Share your dilemmas and get honest opinions from other Mumsnetters.

To not be inspired by the 'you can have it all' mums

166 replies

user6767 · 30/07/2021 15:29

Sorry my title sounds very negative this is not to have a go at other mums. It's come from me hearing a lot about Helen Glover who has done great at the Olympics recently and has 3 children under 3 and also worked as a junior doctor. I have seen quit afew comments about it shows mums you can do anything you want/the you can have it all comments etc.

I am not having a go at Helen Glover she has done amazing! But it's almost like that is the 'ideal'. That mums should all inspire to. I just don't agree. In order for her to do that she has spent a lot of time away from her children. I quite simply do not want to be away from my children so much. I work part time as it's a good balance for my situation. But I have often had comments about how I have stalled my career. I quite simply don't care I want that time with my children.

I am not having a go at others mothers nor do I think there is nothing wrong with working full time as a mum. I just wish my situation wasn't seen as a negative and that I'm not achieving my full potential.

I'm not articulating myself very well and will probably get flamed for this Blush.
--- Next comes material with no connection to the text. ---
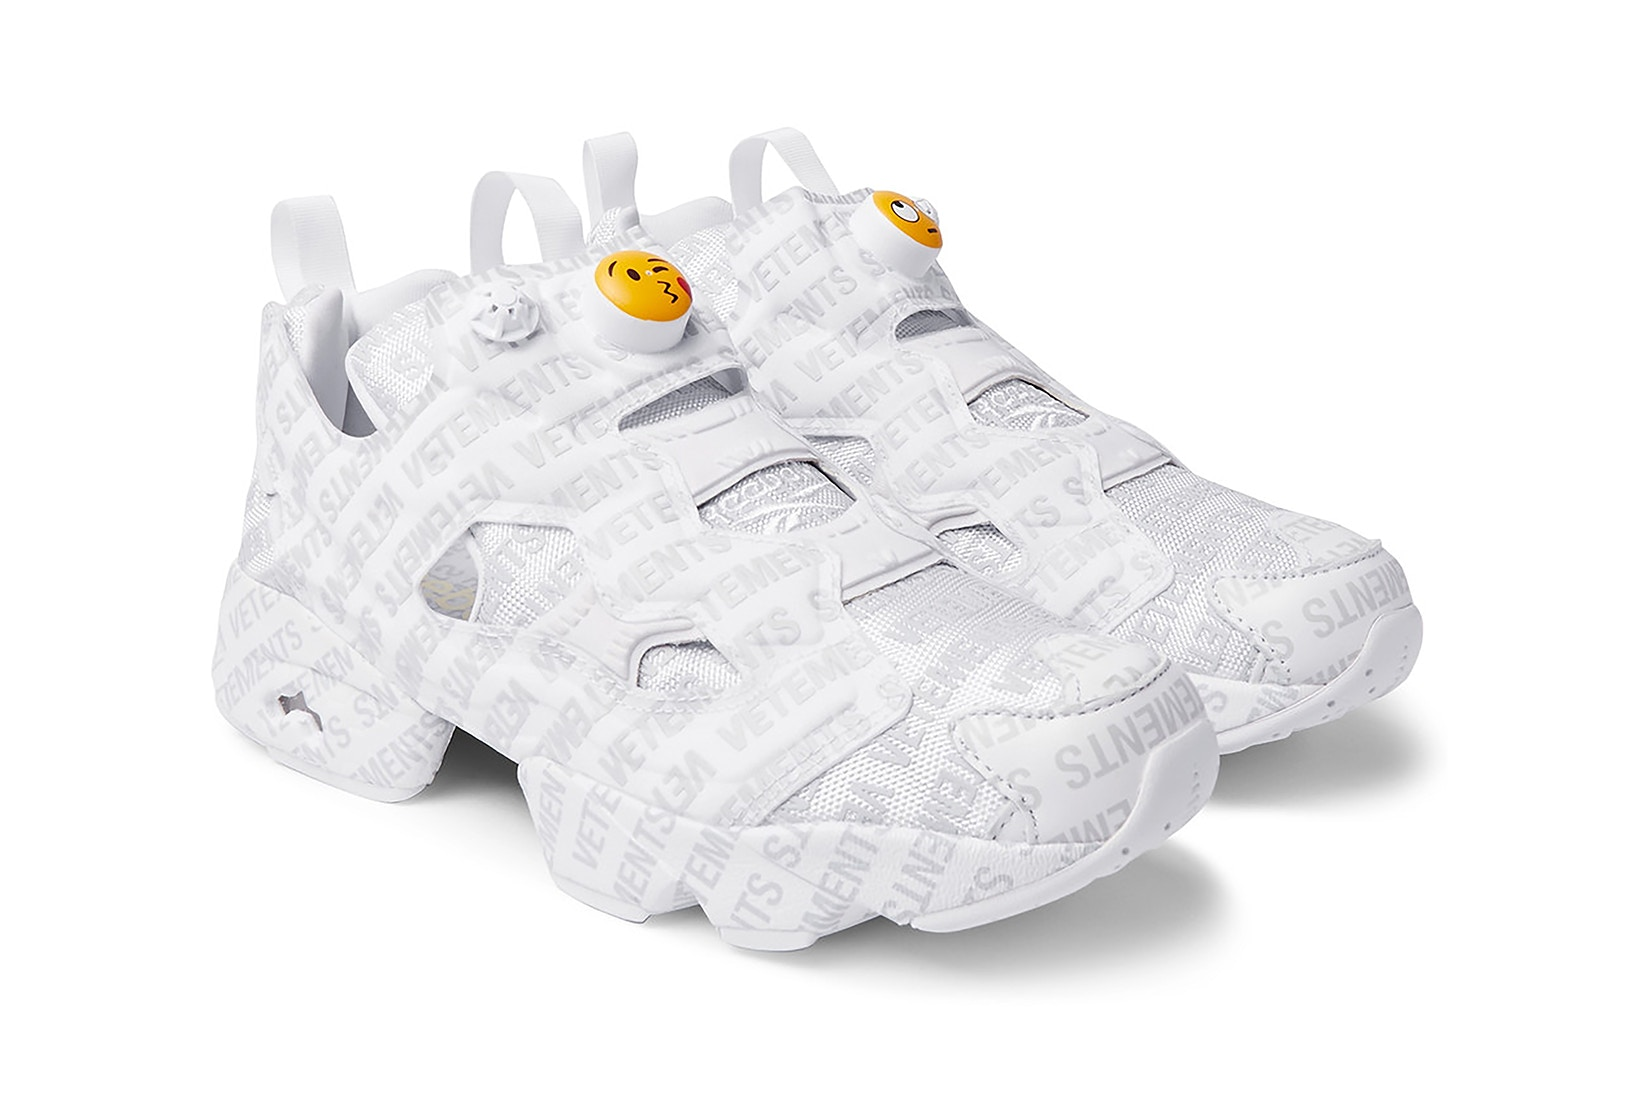 You Can Cop The Vetements x Reebok InstaPump Fury Emoji Sneakers Now

AIBU?

OP posts:
oblada · 30/07/2021 21:15

I see your point OP. Effectively there is a suggestion from society that having it all means having a big career and young children whereas for some it could mean working part time when the children are young, for some it may mean the ability not to work at all in a paid position for a while or longer etc everyone's version of having it all is different. I definitely wouldn't want to be Helen Glover. I want time with my kids but i also want a rewarding career, a happy marriage, a nice home and a quiet enough life. So far i don't think I'm doing too bad a job at getting it 'all'. Ultimately we all need to consider what we need to do to be happy. Surely thats the only real aim in life.

Paperplain · 30/07/2021 21:21

@JackieCollinshasnoauthority

I agree. If I was willing to spend time apart from my children I would definitely be an Olympian by now but I guess I just care more about my kids.
I got the irony and giggled at this! Shame no-one else did!
Paperplain · 30/07/2021 21:24

Do we know how many kids the male Olympians have and their ages?
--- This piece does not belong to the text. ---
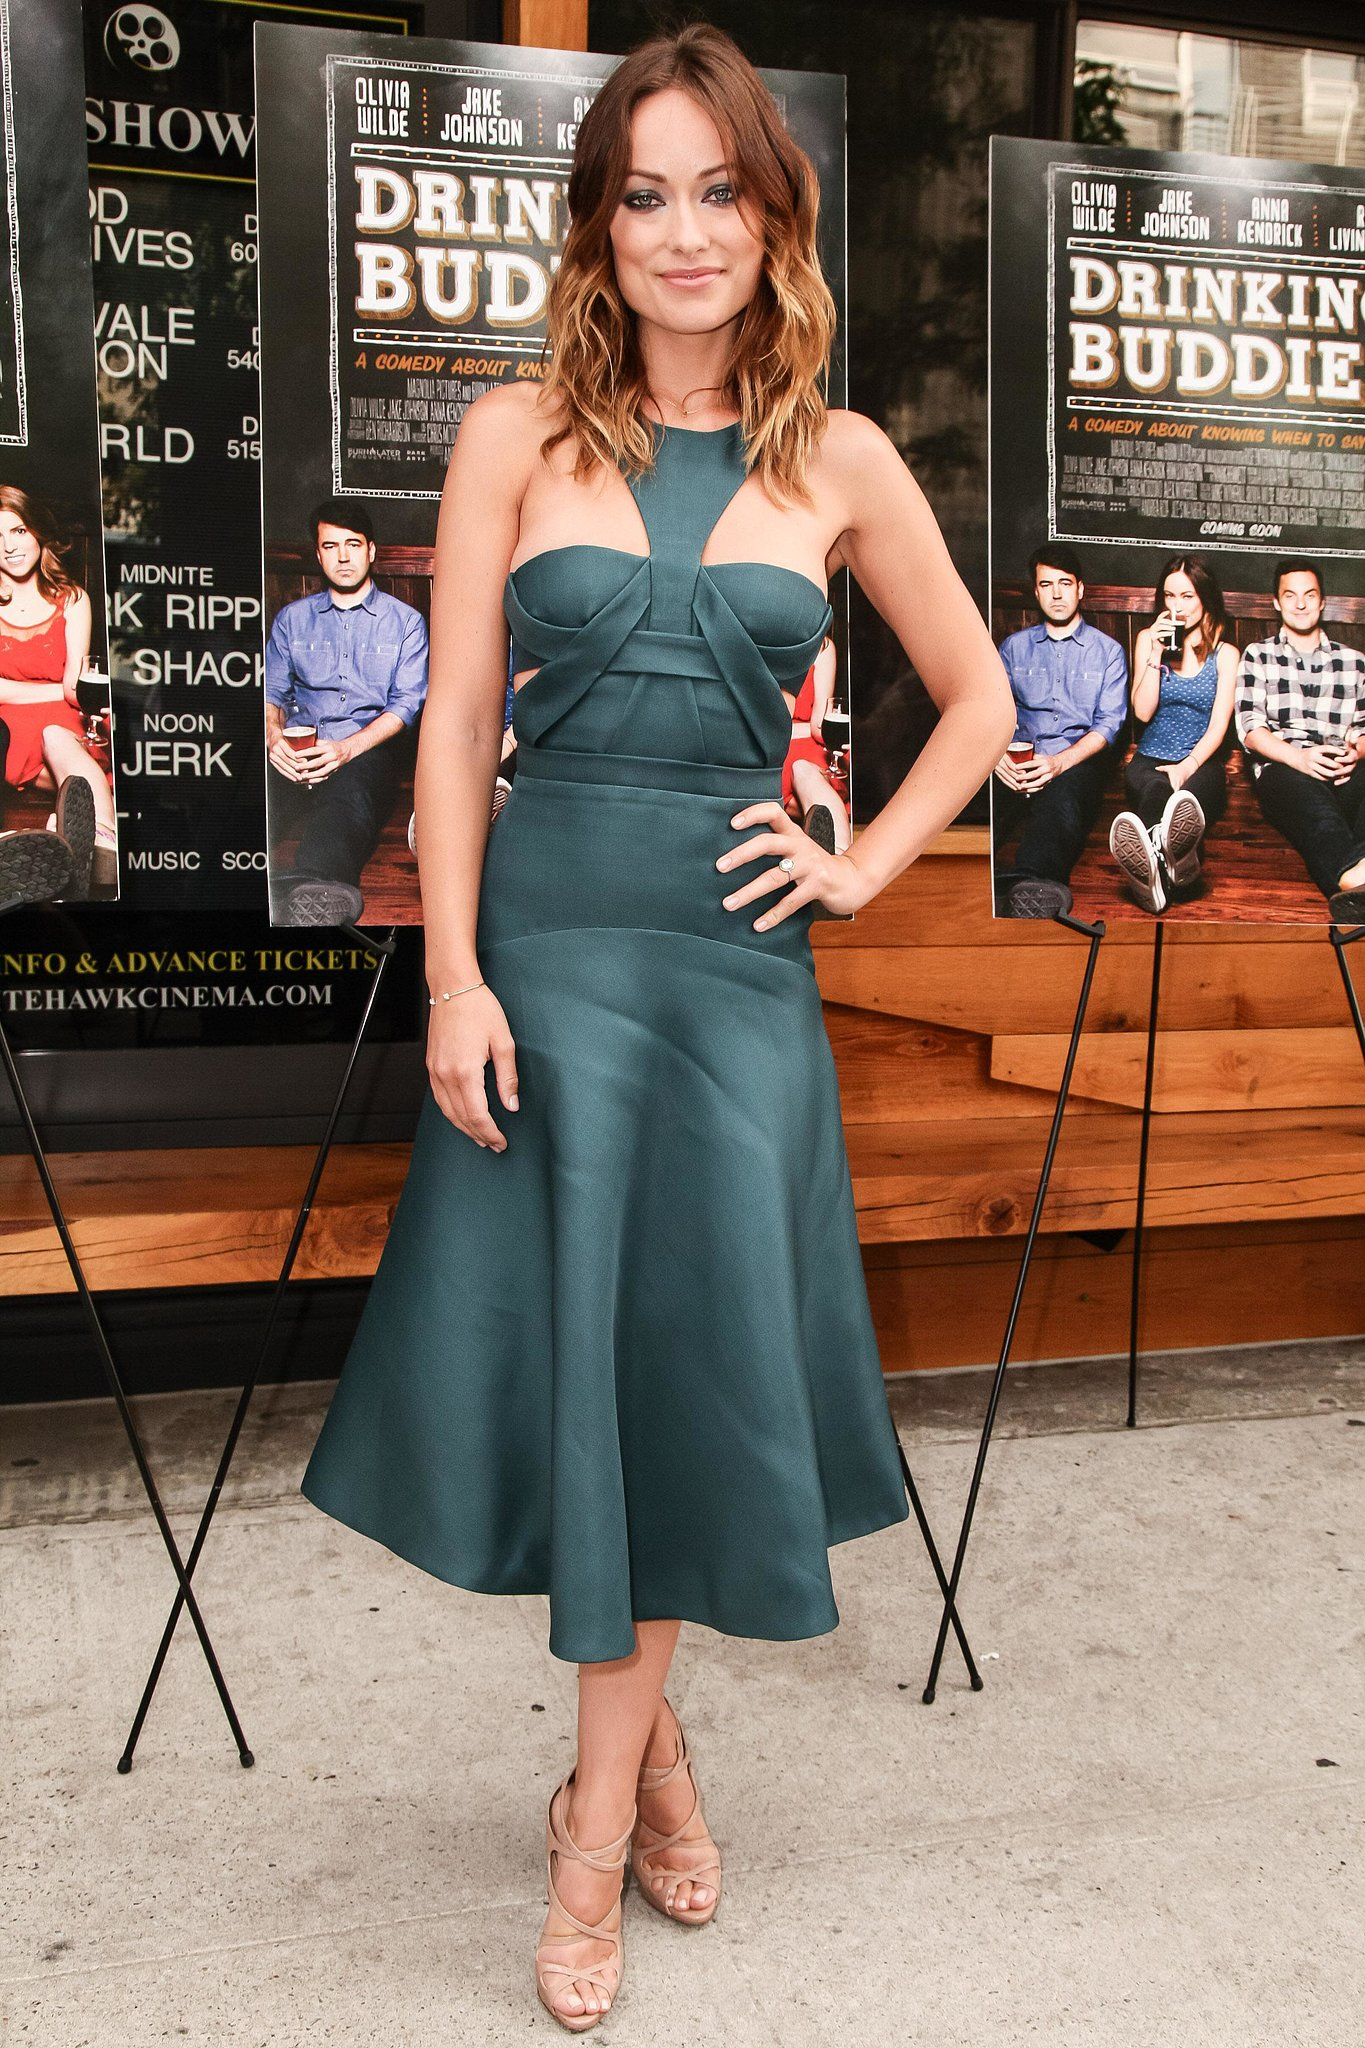 Olivia Wilde screened Drinking Buddies in a modern J. Mendel dress in Brooklyn.

Gosh. Imagine all those men with children having to train hard just to be seen to have it all and set an example for those part time or stay at home dads. So good to have good male role models though don't you think, to show all those other men how it's done.
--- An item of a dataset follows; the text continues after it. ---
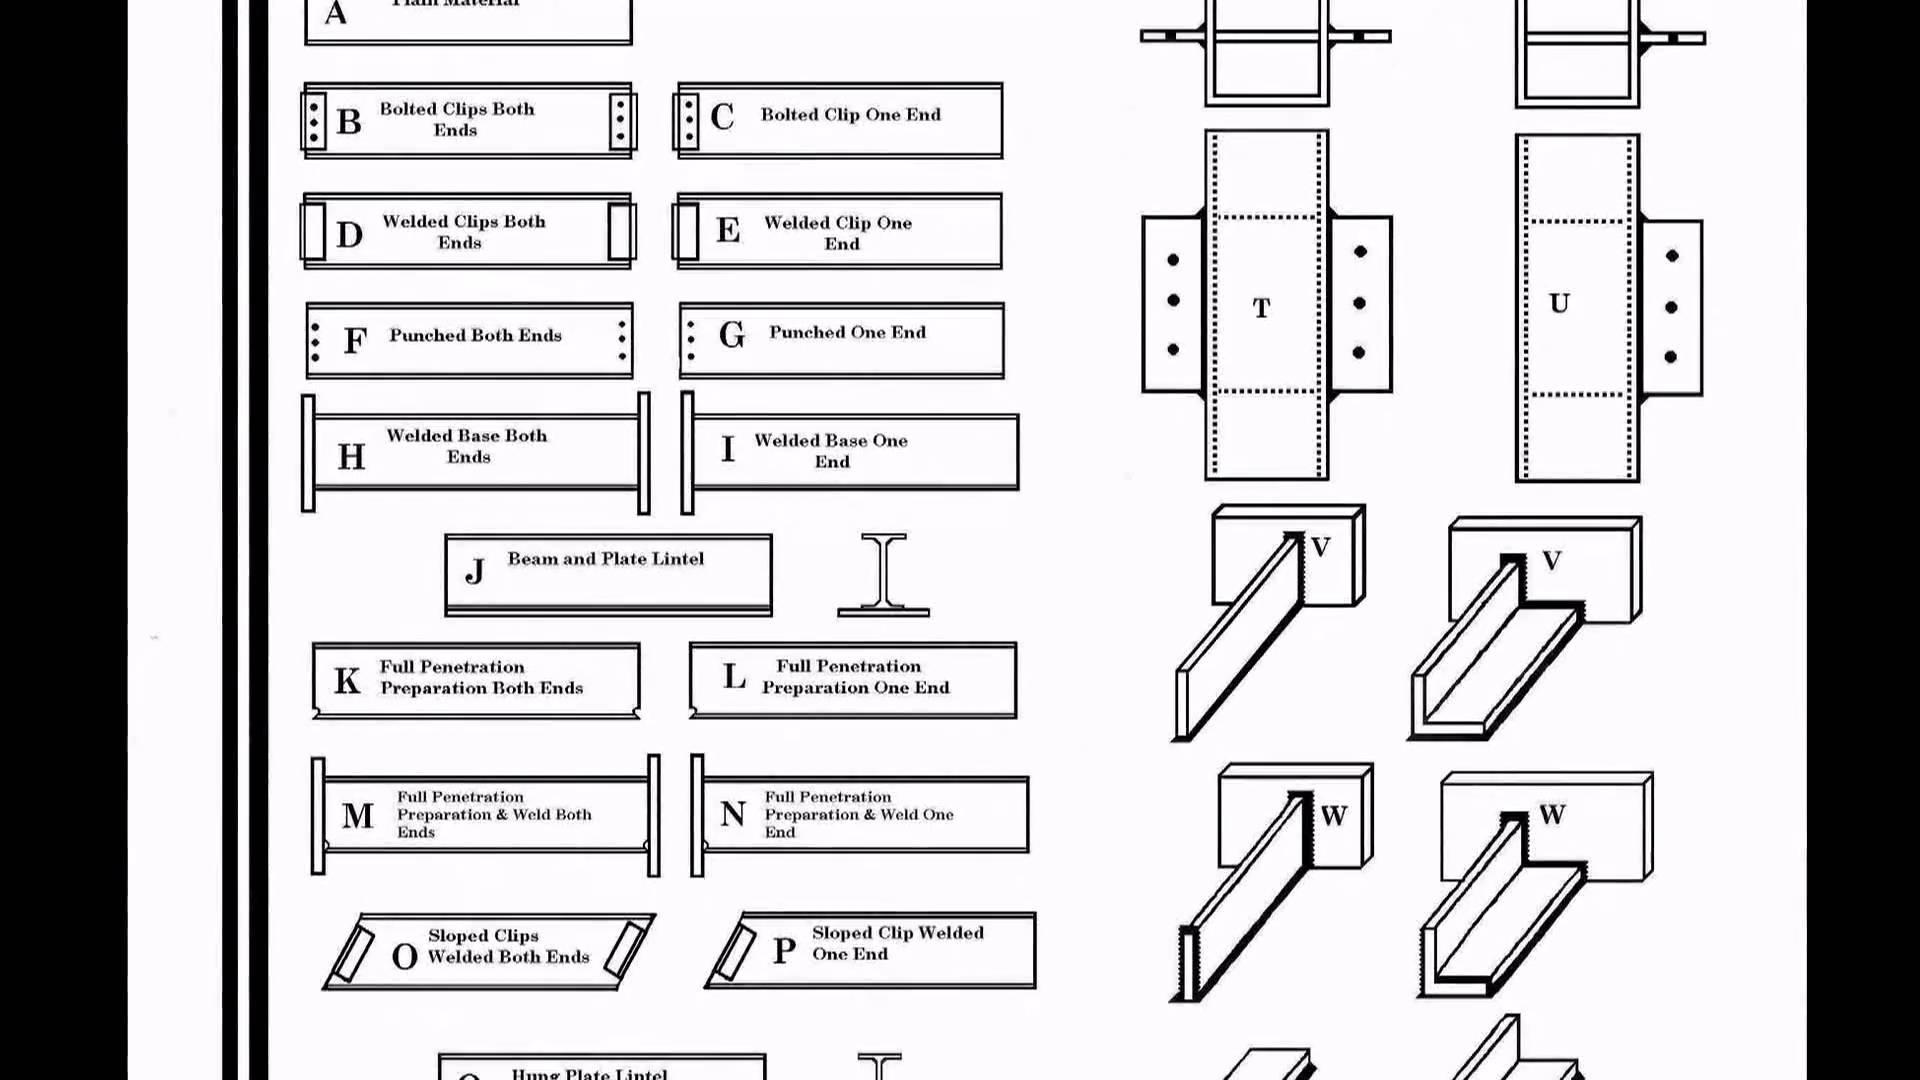 Steel Takeoff Spreadsheet Free Templates | Homebiz4U2Profit With Steel Takeoff Spreadsheet

TheDevils · 30/07/2021 21:30

Mothers are wrong whatever we do so just do what works best for your family.

Yep. You never hear people having these conversations about men.

Minesnotahighhorse · 30/07/2021 21:33

The phrase ‘Having it All’ can just get in the bin. I absolutely can’t stand the way it is applied only to women (see ‘Man who has it all’ referenced up thread😆).

I have a very senior job and two primary aged children. I work 4 days a week and DH also works 4 days a week in a less senior but more specialist job in a similar industry. Neither of our jobs are deemed more important than the other even though I am the higher earner.

We have no family help (live too far away) and DC went to a lovely nursery attached to their primary school 3 days a week from the age of one (I took 12 months mat leave both times and it did not damage my career). They now go to after school club for 2 hours 3 afternoons a week which they love. We have a cleaner for a few hours every two weeks but otherwise don’t ‘outsource’ any life tasks.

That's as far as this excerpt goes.